Word for word, set down the records and skip each picture.
[Start of Attachment]
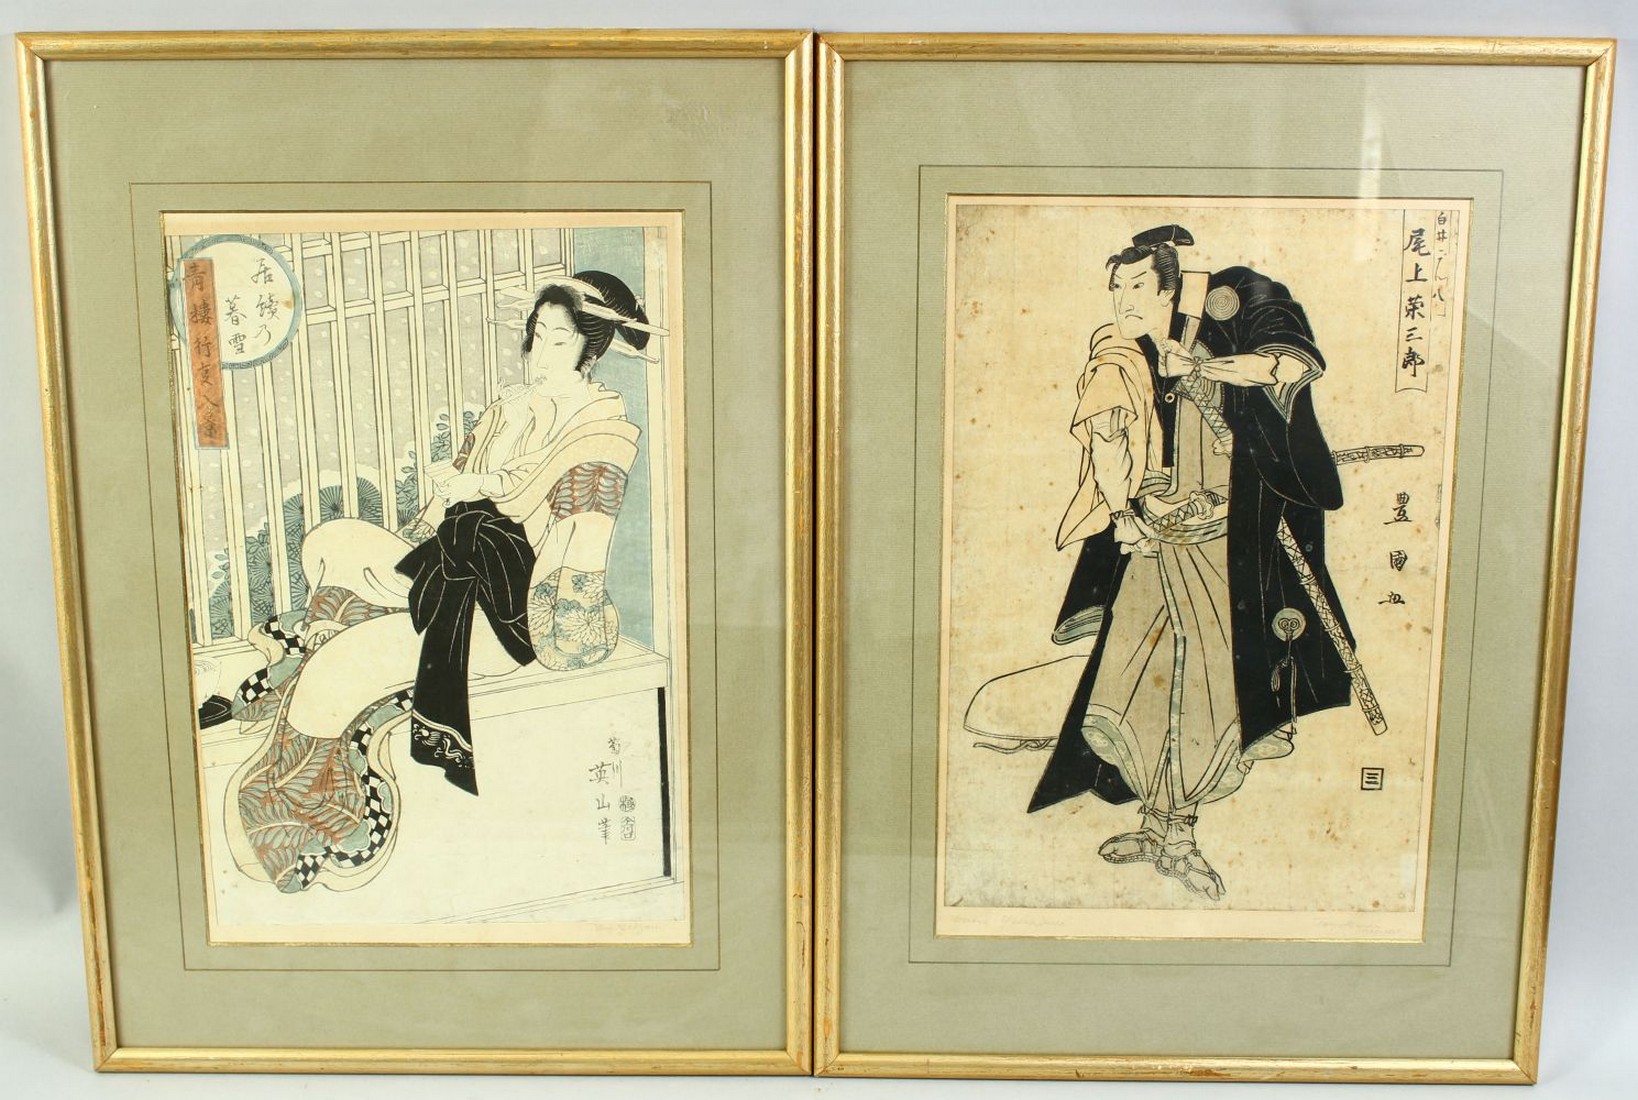 TWO JAPANESE WOODBLOCK PRINTS, one depicting a male actor with ceremonial robes and swords, the
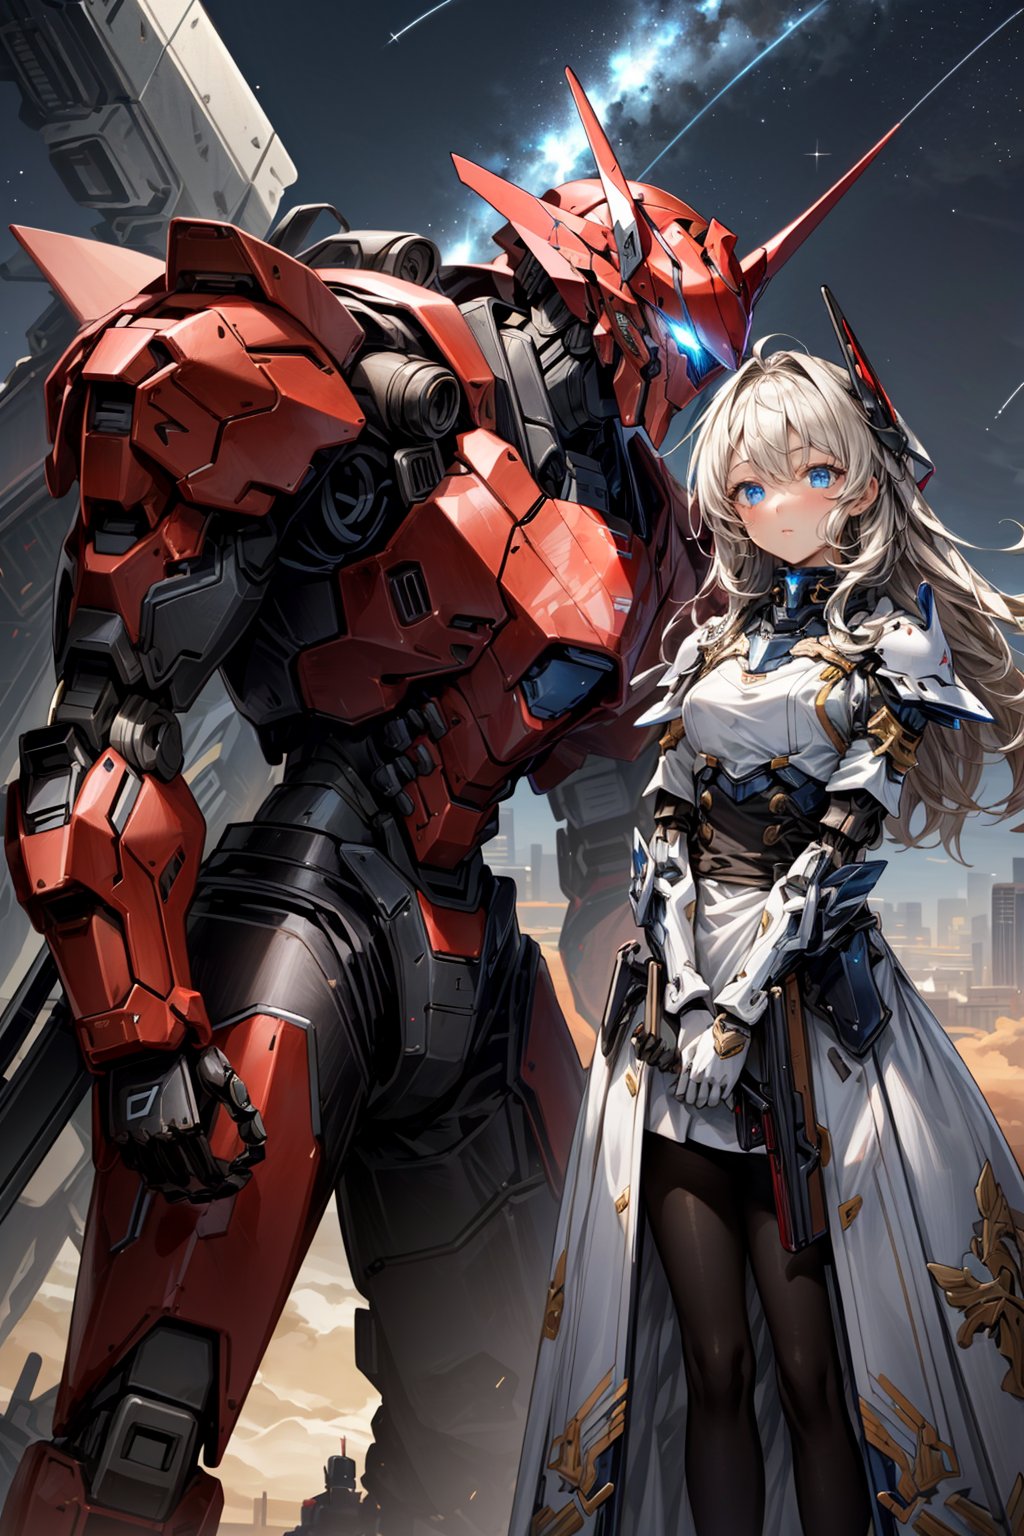 (masterpiece:1.4, best quality), (intricate details), unity 8k wallpaper, ultra detailed, intricate details, super complex details, ((2people)), (girl_standing_beside_robot:1.2), girl, (perfect detailed face, detailed eyes, white dress),
BREAK
robot, (giant mecha, red and black armor, blue eyes, holding rifle), starry sky, skyline, Mecha
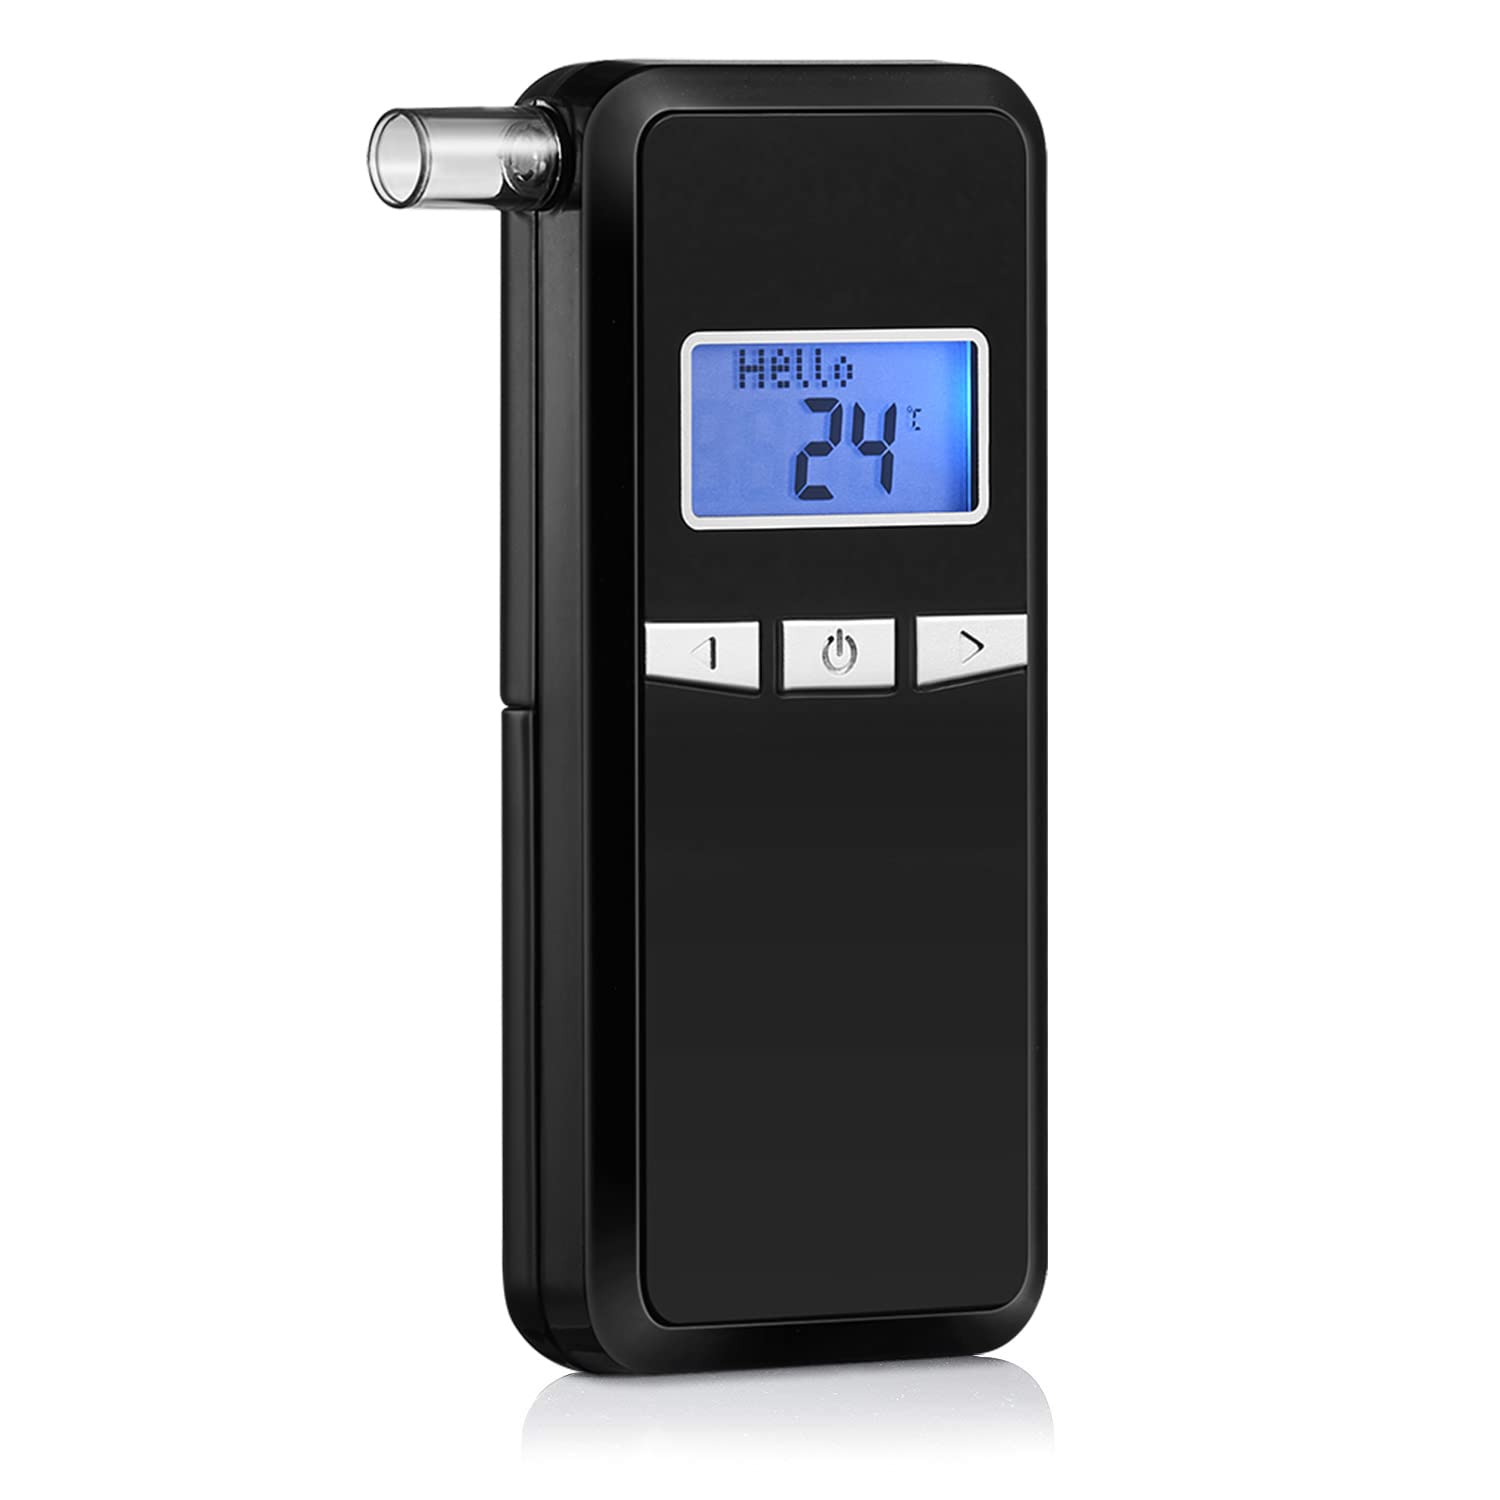 JASTEK Portable Breathalyzer Tester, Professional-Grade Home Breathalyzer  Digital Alcohol Tester with Memory and Warning Function (10 Mouthpieces)
[End of Attachment]
_Solution to the problem_
 TWO JAPANESE WOODBLOCK PRINTS, one depicting a male actor with ceremonial robes and swords, the
 (masterpiece:1.4, best quality), (intricate details), unity 8k wallpaper, ultra detailed, intricate details, super complex details, ((2people)), (girl_standing_beside_robot:1.2), girl, (perfect detailed face, detailed eyes, white dress),
BREAK
robot, (giant mecha, red and black armor, blue eyes, holding rifle), starry sky, skyline, Mecha
 JASTEK Portable Breathalyzer Tester, Professional-Grade Home Breathalyzer  Digital Alcohol Tester with Memory and Warning Function (10 Mouthpieces)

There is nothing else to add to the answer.